Tutormate > CBSE Syllabus-Class 9th History > Peasants and Farmers

07 Peasants and Farmers

The Coming of Modern Agriculture in England

  • On the night of 1st June 1830, a farmer in north-western England found his barn and haystack reduced to ashes by a fire.
  • On the night of 28th August 1830, a threshing machine was destroyed by labourers in East Kent, England.
  • Severe government actions took place and suspects of rioting were rounded up.

The Time of Open fields and Commons

  • Before the late 18th century, large parts of countryside were open and weren’t divided into enclosures.
  • The enclosure movement spread through the countryside after the mid-18th century, changing the English landscape permanently.

New Demands for Grain

  • As urban population grew, market for food grains expanded and prices soared.

The Age of Enclosures

  • Rapid population growth was followed by a period of food shortages.
  • Pasturelands and open fields were divided, open fields were enclosed and marshes were taken over and converted into large agricultural lands.

What Happened To the Poor?

  • The landlords exerted exclusive ownership and imposed high pricing that could not be afforded by the poor.
  • Enclosures were extensive in and the poor were displaced from their land.

The Introduction of Threshing Machines

  • Prices of food grains increased during the Napoleonic wars and farmers bought new threshing machines to reduce their dependence on labour.

Bread Basket and Dust Bowl

  • White Americans displaced the local tribes and divided the landscape into agricultural belts.
  • The USA dominated the world market in terms of agricultural produce.

The Westward Move and Wheat Cultivation

  • In the decades after 1800, the US government implemented a policy to remove American Indians from the east.

The Wheat Farmers

  • With increase in demand, wheat prices rose and farmers started producing more wheat.
  • New areas were being ploughed to extend cultivation in the Great Plains.

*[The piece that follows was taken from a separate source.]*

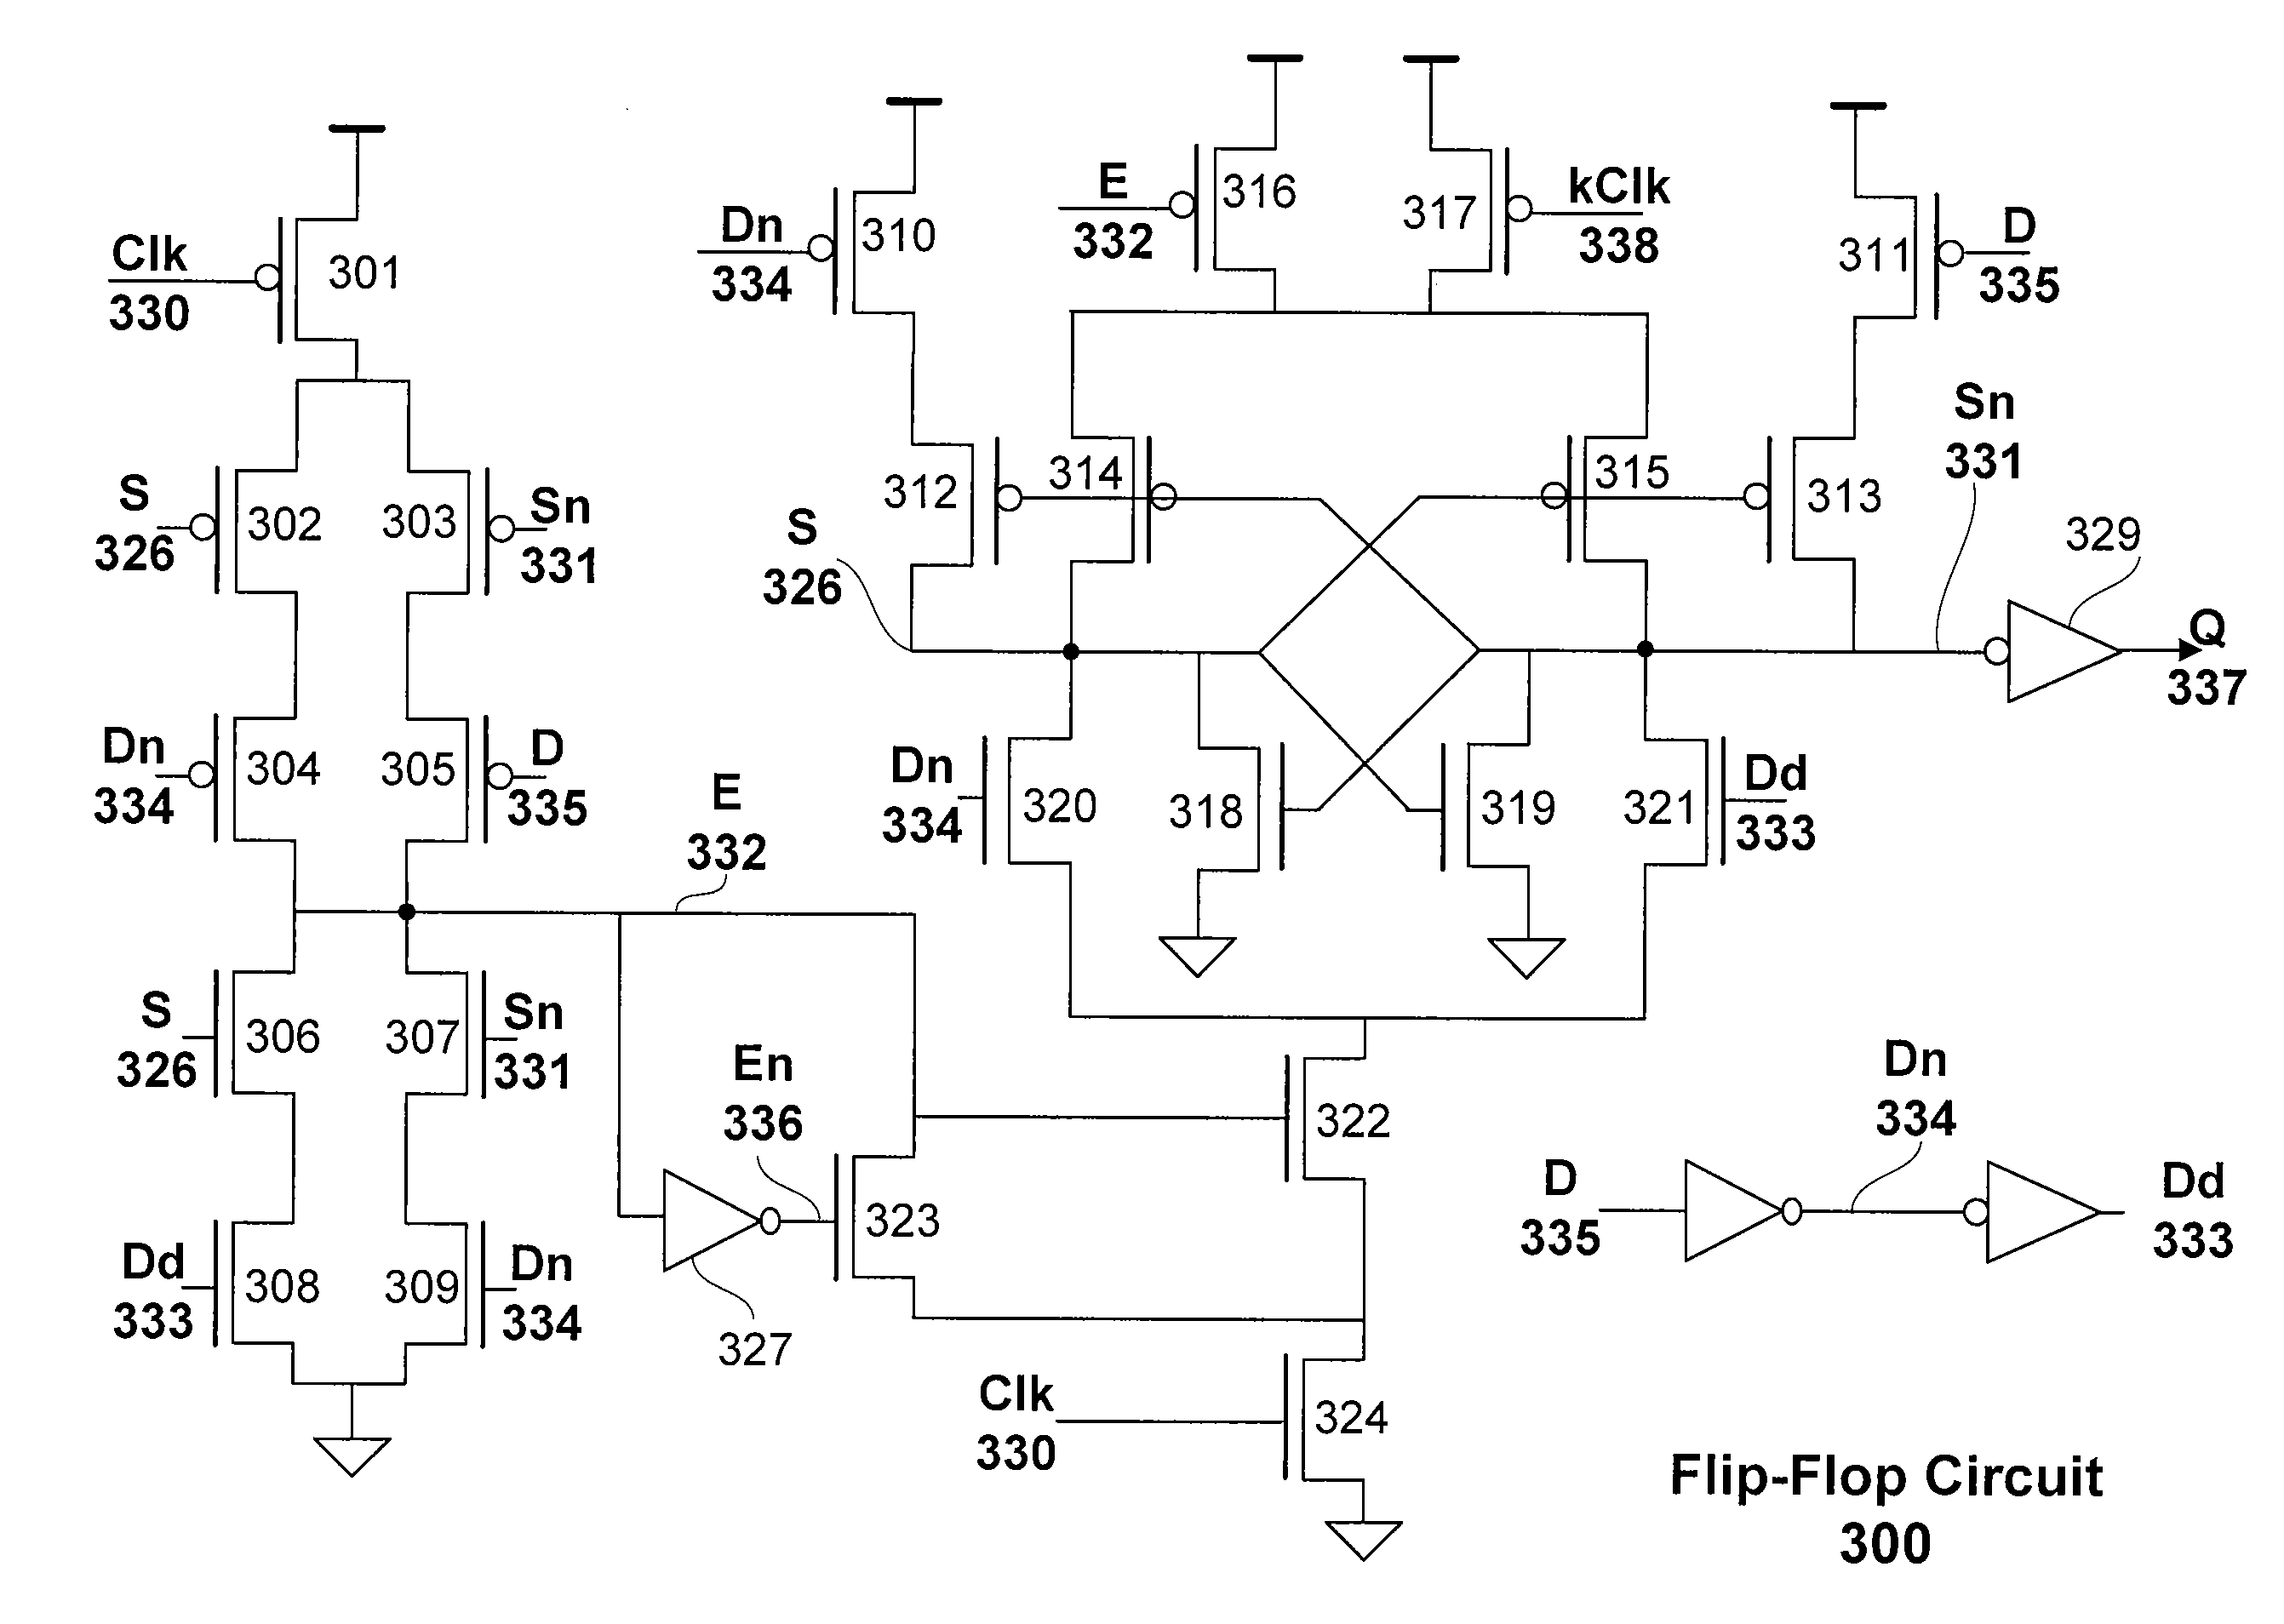 Single-trigger low-energy flip-flop circuit

What Happened to the Poor?

  • Mechanisation had reduced the need for labour and the boom of the late 19th and early 20th century seemed to have ceased in the 1920s after which most farmers faced trouble.

Dust Bowl

  • Terrifying dust storms started blowing over the southern plains in the 1930s.
  • Black blizzards as high as 7000 to 8000 feet rolled in and rose like monstrous waves of muddy water.
  • The whole region had turned into a dust bowl shattering the American dream of a land of plenty.

The India Farmer and Opium Production

  • Indigo and opium were two of the major commercial crops in the early 19th century.
  • By the end of the century, sugarcane, cotton, jute, wheat and several other crops were being produced.

A Taste for Tea: The Trade with China

  • The East India Company bought tea and silk from China and sold it to England, in the late 18th century.
  • However, England did not produce anything that could be sold in China.
  • The Western merchants started trading opium illegally in the mid-18th century.

Where did Opium come from?

  • The cultivators were unwilling to cultivate poppy owing to several reasons:
    • The crop required finest of lands that lay near villages and were well manured.
    • Opium cultivation on those fields would leave inferior land for pulses where harvests were poorer and uncertain.
    • The cultivation of opium was difficult as the plant was delicate and required much time for nurturing, leaving cultivators with less time for other crops.

How Were Unwilling Cultivators Made to Produce Opium?

  • A large number of poor peasants were given money advances for opium production, by their village headmen (mahato), from the 1780s.
  • The British government in Bengal established monopoly trade by 1773 and no one else was allowed to trade in opium legally.
  • The conflict between the British government, peasants and local traders went on as long as opium was produced.